Angel Bakeries employs 1,800 workers, including Israelis, Palestinians, and new immigrants. Some of its workers are third-generation employees. In its over 80-year history, the bakery has never had a strike.

==Retail brands==
- Angel Bakeries (מאפיית אנג'ל Ma'afiyat Angel) – white, "dark white" and whole-wheat sliced bread, whole-wheat and multi-grain breads, challot, pita bread, light/sugar-free breads, rolls, buns
- Lechem Eynan (לחם עינן) – pre-germinated whole-wheat bread
- French-style bread (לחם אנג'ל בסגנון צרפתי) – handmade bread using traditional French baking methods
- Lachmaniyot (לחמניות) – bestselling children's buns with free plastic sandwich bags in each package
- Wheat crisps (קליליות) – 19-calorie crackers

==Honors and awards==
The intersection of Kanfei Nesharim and Farbstein Streets, on the northeastern corner of the bakery, was named Shlomo Angel Square by the Jerusalem municipality in honor of the company's founder.
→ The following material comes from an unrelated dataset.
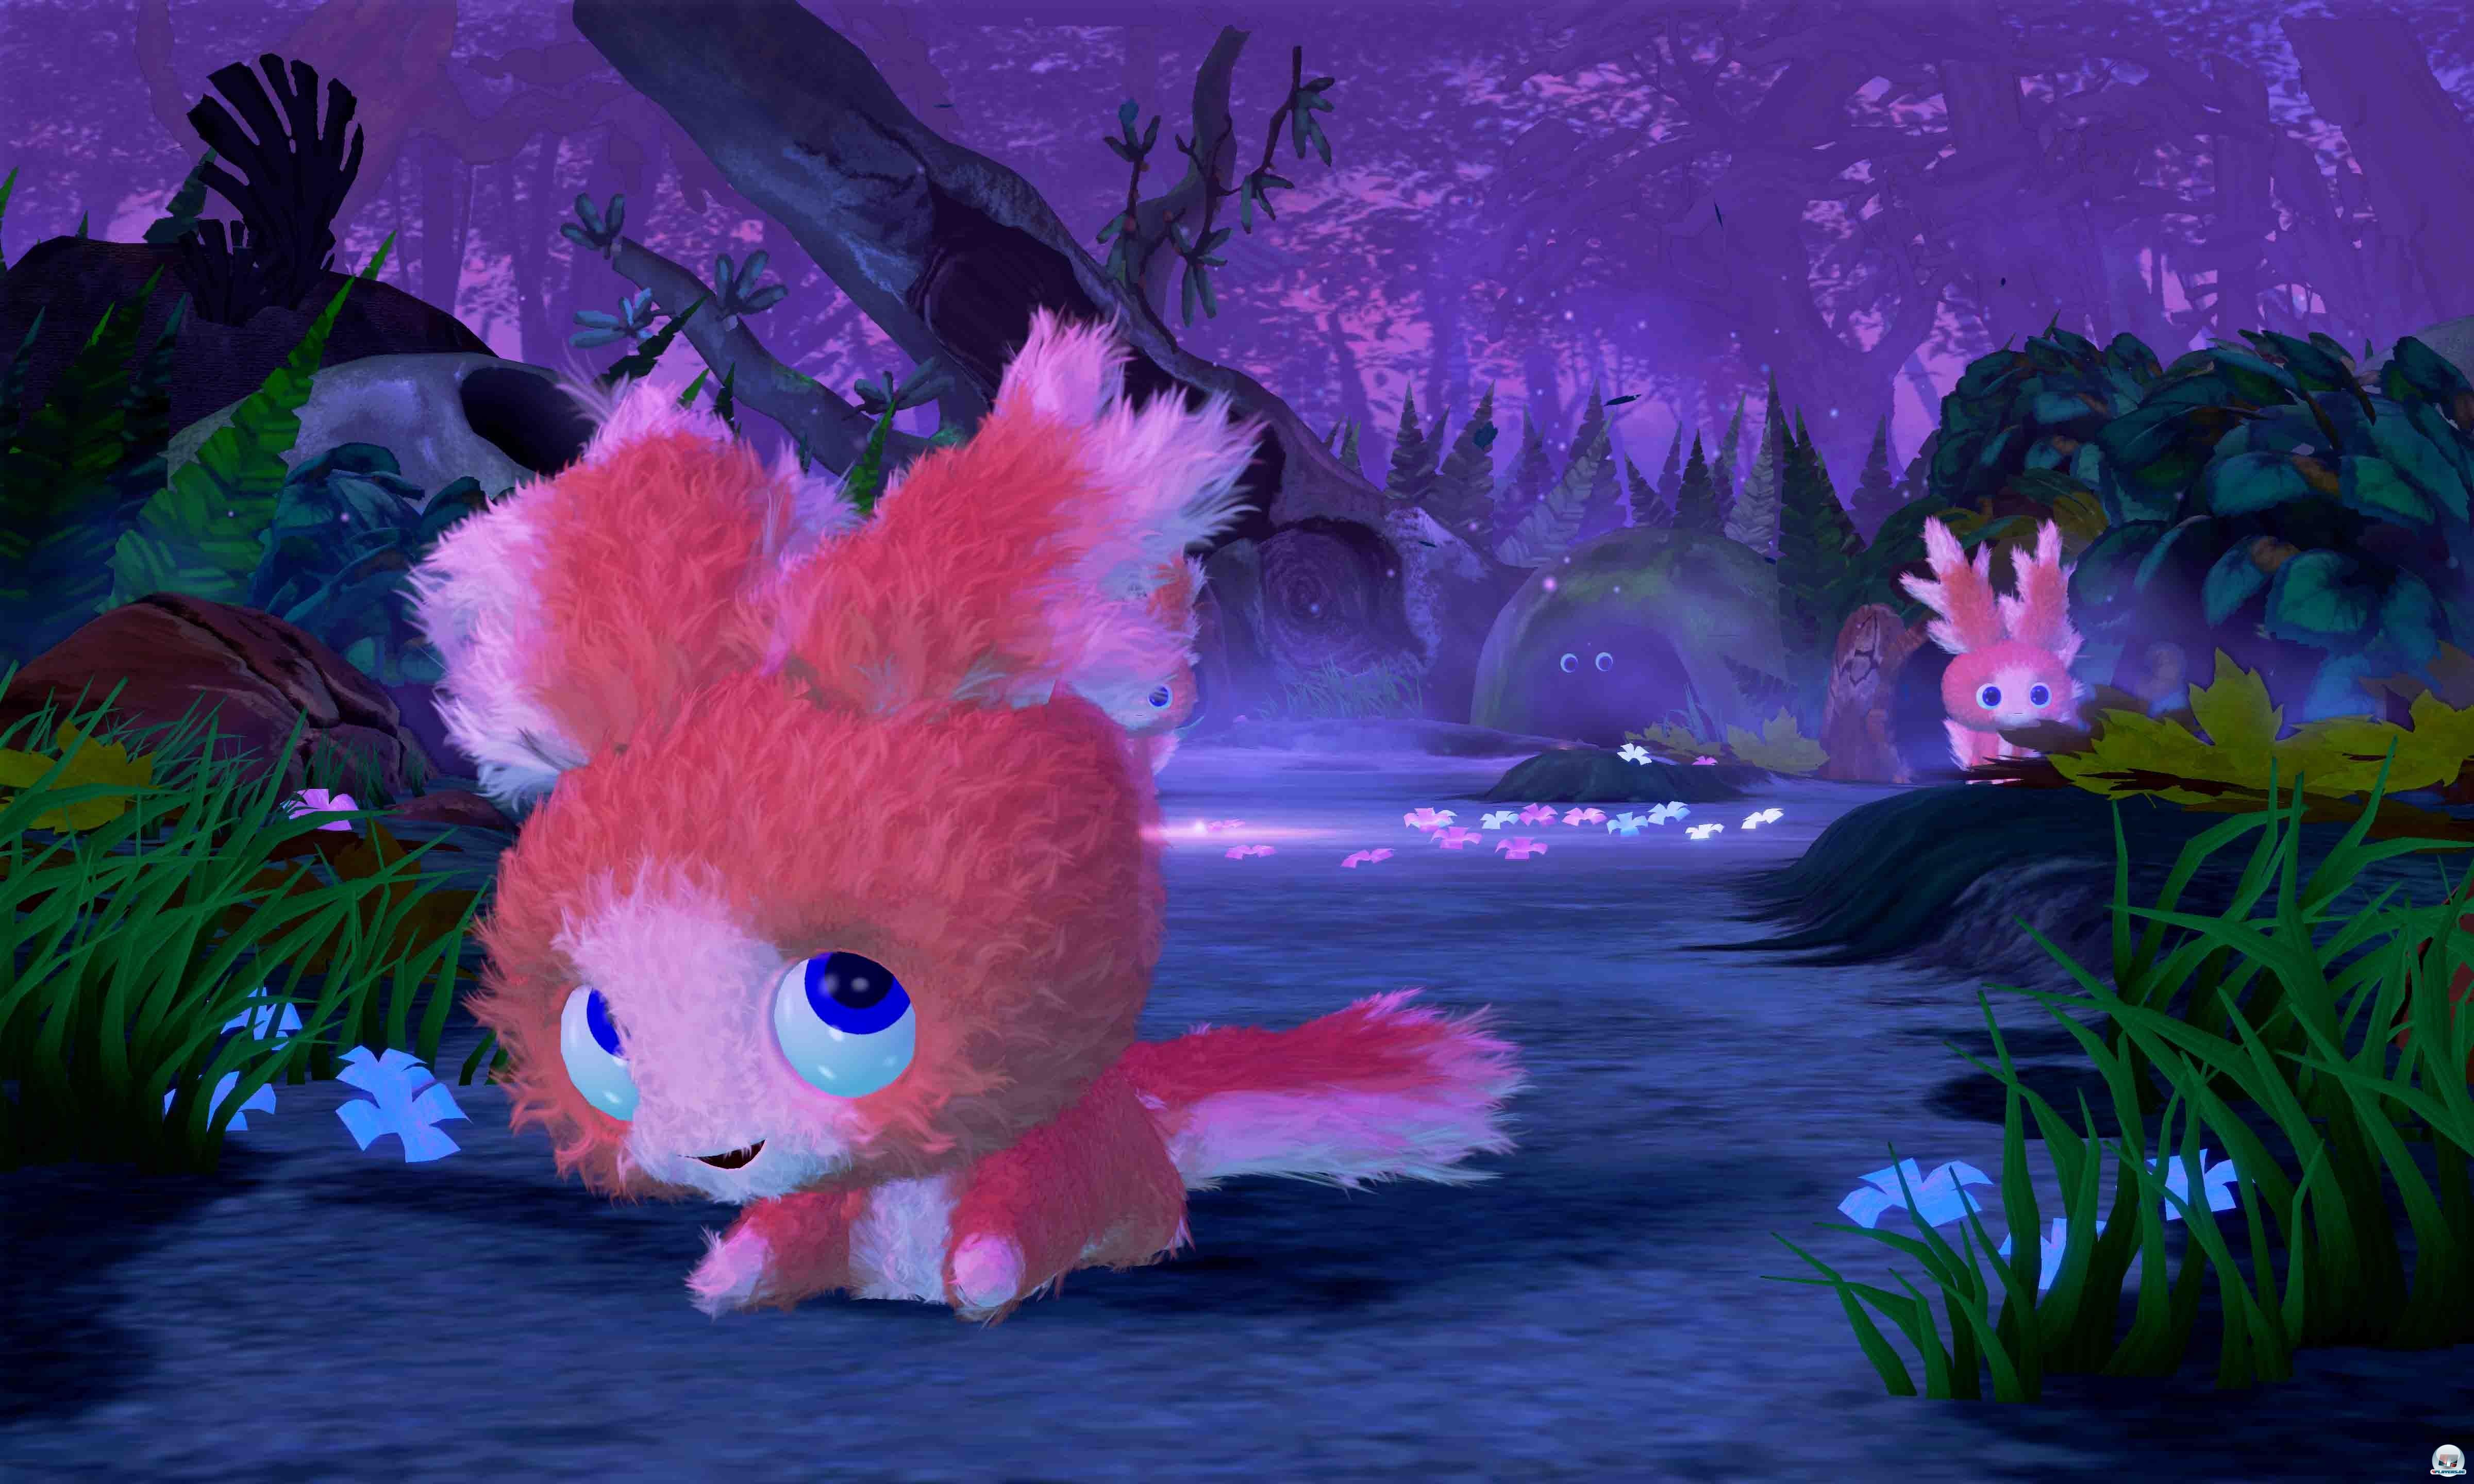 Die sechs Episoden bieten ein breites Spektrum an kindgerechten Emotionen, ohne die jungen Spieler zu überfordern.

Danny Angel (1920–2009), who worked in the family business from the age of 7 until his death at age 89 was the public face of the company. He was the recipient of many awards, including the Jerusalem Prize, Worthy Citizen of Jerusalem, and Notable Industrialist. He was president of the Manufacturers Association of Israel, the Rotary Club of Israel, and the Variety Club of Israel, which he helped found. He had many friends in the political echelon as well. In recognition of their longtime friendship, Jerusalem mayor Teddy Kollek always gave Danny Angel an honorary spot at the bottom of his electoral list. In 2008, mayoral candidate Nir Barkat continued the tradition and placed Angel's name at the bottom of his electoral list. Angel's funeral was attended by Prime Minister Ehud Olmert, Likud party leader Benjamin Netanyahu, and other government officials.

==Angel's Bakery, Brooklyn==
Joe Angel, a great-great-grandson of Salomon Angel who, like his cousins, helped out at the family bakery in Jerusalem, moved to the United States in 1969 and earned a degree in bakery management from Kansas State University. In 1981 he opened his own Angel's Bakery in Brooklyn, New York, specializing in muffins, cookies and cakes.